Don’t forget about the Diamond Network. Supposedly they’ve colonized many red dwarf systems which happen to be near those systems settled by bionts, and I don’t think they bothered to publicize their presence.
ETA:
Oops. Sorry, I answered out of context. *sigh* Ignore me,
(06-18-2021, 04:27 AM)stevebowers Wrote: [ -> ]I like to assume that the various stars in a wave of colonisation can talk to each other, so they will exchange data about whether nearby stars are colonised or not.
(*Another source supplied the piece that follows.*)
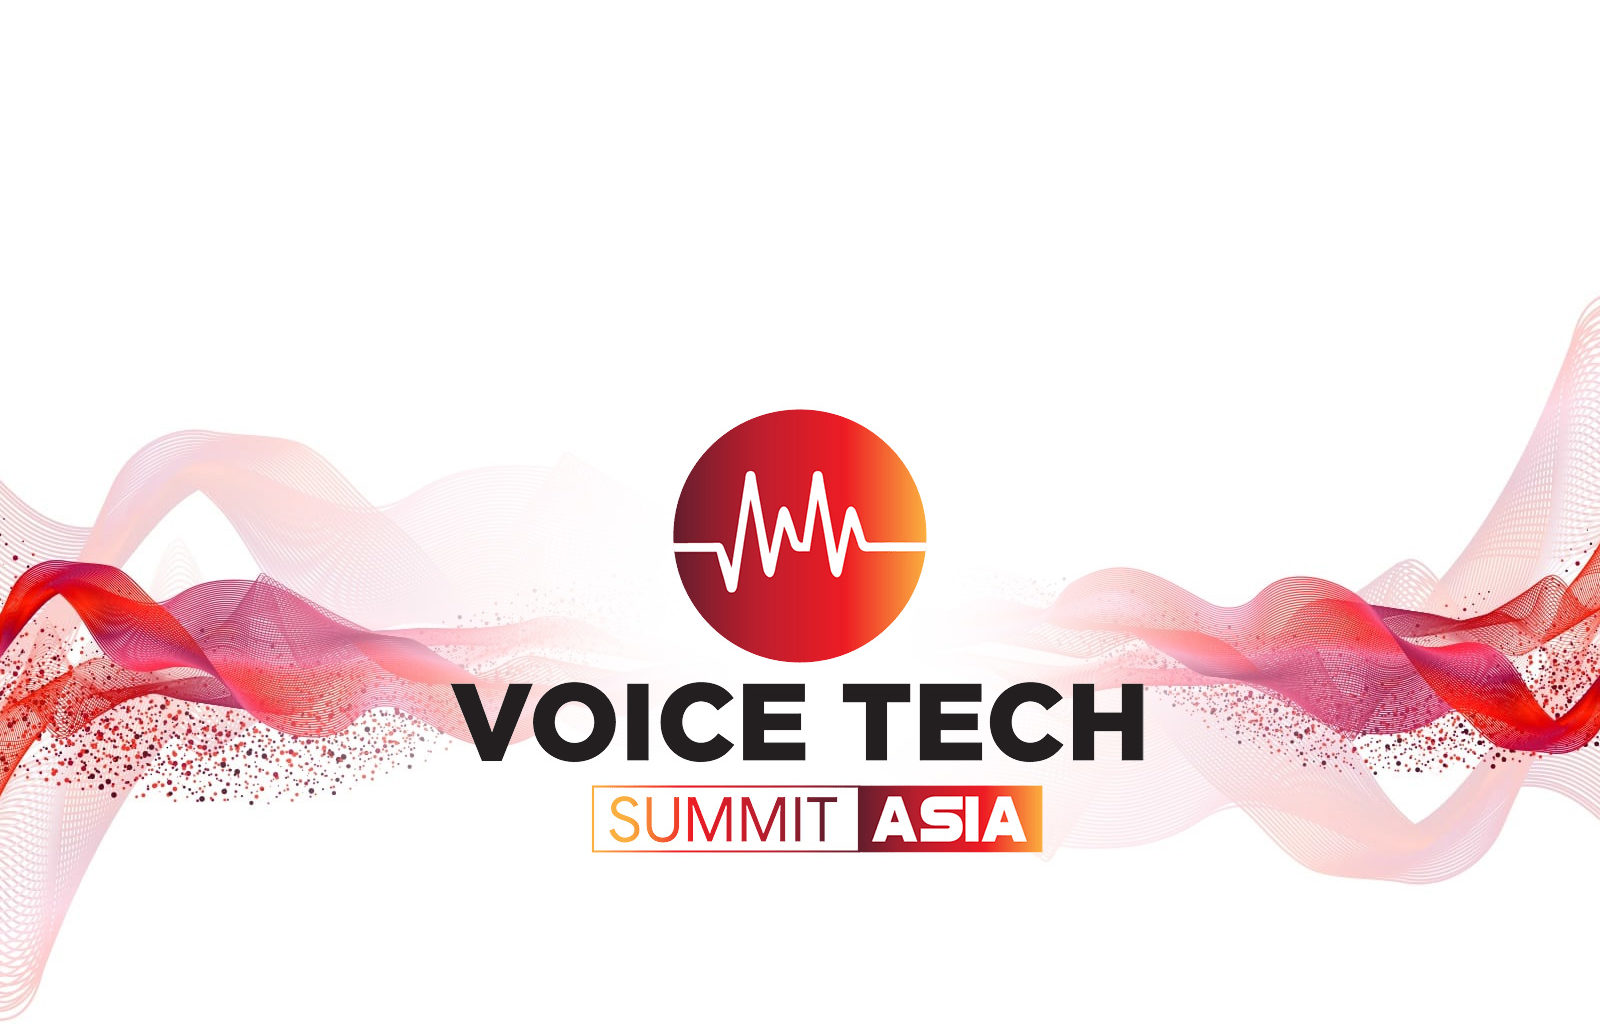 Voice Tech Summit Asia

Perhaps some colonies would be colonised in secret by rival factions, but I would assume they'd broadcast the fact of their presence at some point, to deter rival claimants to the territory.
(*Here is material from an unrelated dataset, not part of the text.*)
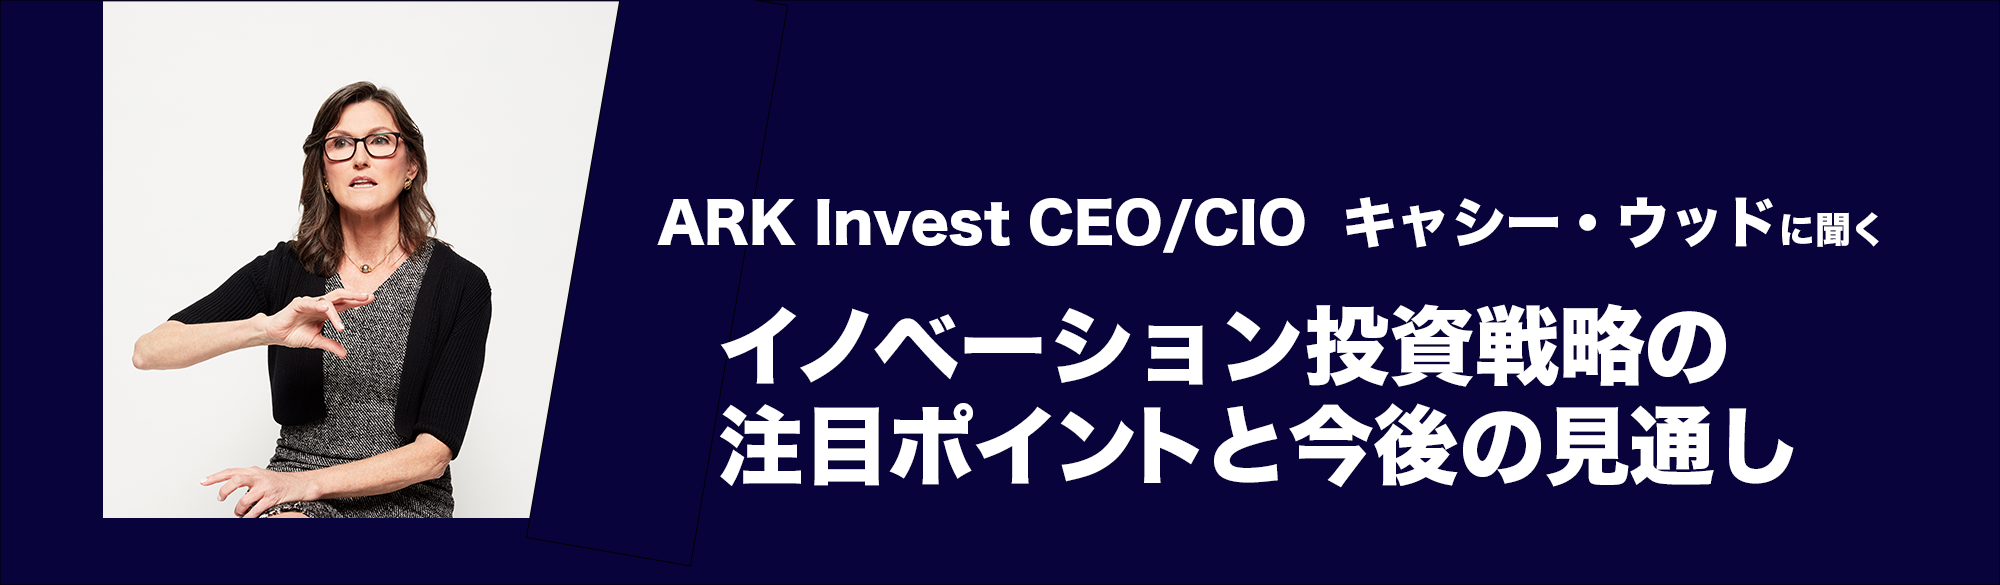 ARK Invest キャシー・ウッドに聞く イノベーション投資戦略の注目ポイントと今後の見通し

I dunno....  If our own past is anything to judge by, rival powers may be in a race to ''claim" good colonization targets.  If you tell your neighbor where you want to colonize, you run the risk that your neighbor will go there first just to cut you off. 


The point of the model is that the rate of colony reproduction doesn't actually matter that much.  All of these worlds are continually moving into new spaces relative to each other as they orbit the galaxy.  Worlds continue to have access to a frontier because unsettled worlds drift into range.  If it takes them a hundred thousand years to send a colony ship, all that means is that there's more un-colonized systems that have drifted into range among them when the next ship goes out.  They're "filling in" inside ALMOST the same boundaries that they'd be "filling in" inside if they sent out a colony ship literally every year, because the boundaries are defined by the movement of colonized worlds relative to each other regardless of how fast you get to one once it's inside the boundary.

Instead of a steadily advancing wavefront where everything within is one hundred percent occupied, nothing more than ten lightyears inside should even bother trying to colonize anything ever again because no frontier worlds will ever be available to it again, and everything outside the wavefront is unclaimed and mostly unreachable....  you get a situation where the wavefront is not very rigidly defined, everybody within thousands of lightyears of the front has fairly egalitarian access to frontier systems, and the "vanguard" or "boundary" out there where six generations of colony world have gone to higher relative-velocity worlds, is so far beyond the generally-known 'front' that they aren't even competing for the any of the same frontiers that other folks' great-grand-colonies might even get close to.  


The comparison between this once-in-a-hundred-thousand-years model and a once-in-a-hundred-years model actually isn't that big a difference.  Your once-in-a-hundred-year colony ships live in a galaxy where a colony might get ten chances, total, to launch one because after that everything's too far out of range to the frontier or already claimed to the interior.  Your once-in-a-hundred-thousand-year colony ships live in a galaxy where a colony *still* gets ten chances to launch one, all to nearby uninhabited worlds, even though by the time the last one goes it's thousands of lightyears inside the 'wavefront' of colonization.  The ultimate rate of reproduction is the same because colony ships getting produced a thousand times more slowly are getting produced on a thousand times as many worlds, 999/1000 of which would be "out of the running" in the fast-building scenario.
Ultimately there are two growth laws here: Exponential growth of biology, economics, etc, and cube-law growth of bounded space. Cube law growth ultimately bounds exponential growth, and while that's true, the exponent doesn't matter.

The observation here is that galactic orbits mean the cube expands *REGARDLESS* of the rate of exponential growth. Whether the exponent is high (once a century) or low (once in ten millennia) we ultimately wind up expanding within the same cube-law limit, and have access to the same set of worlds.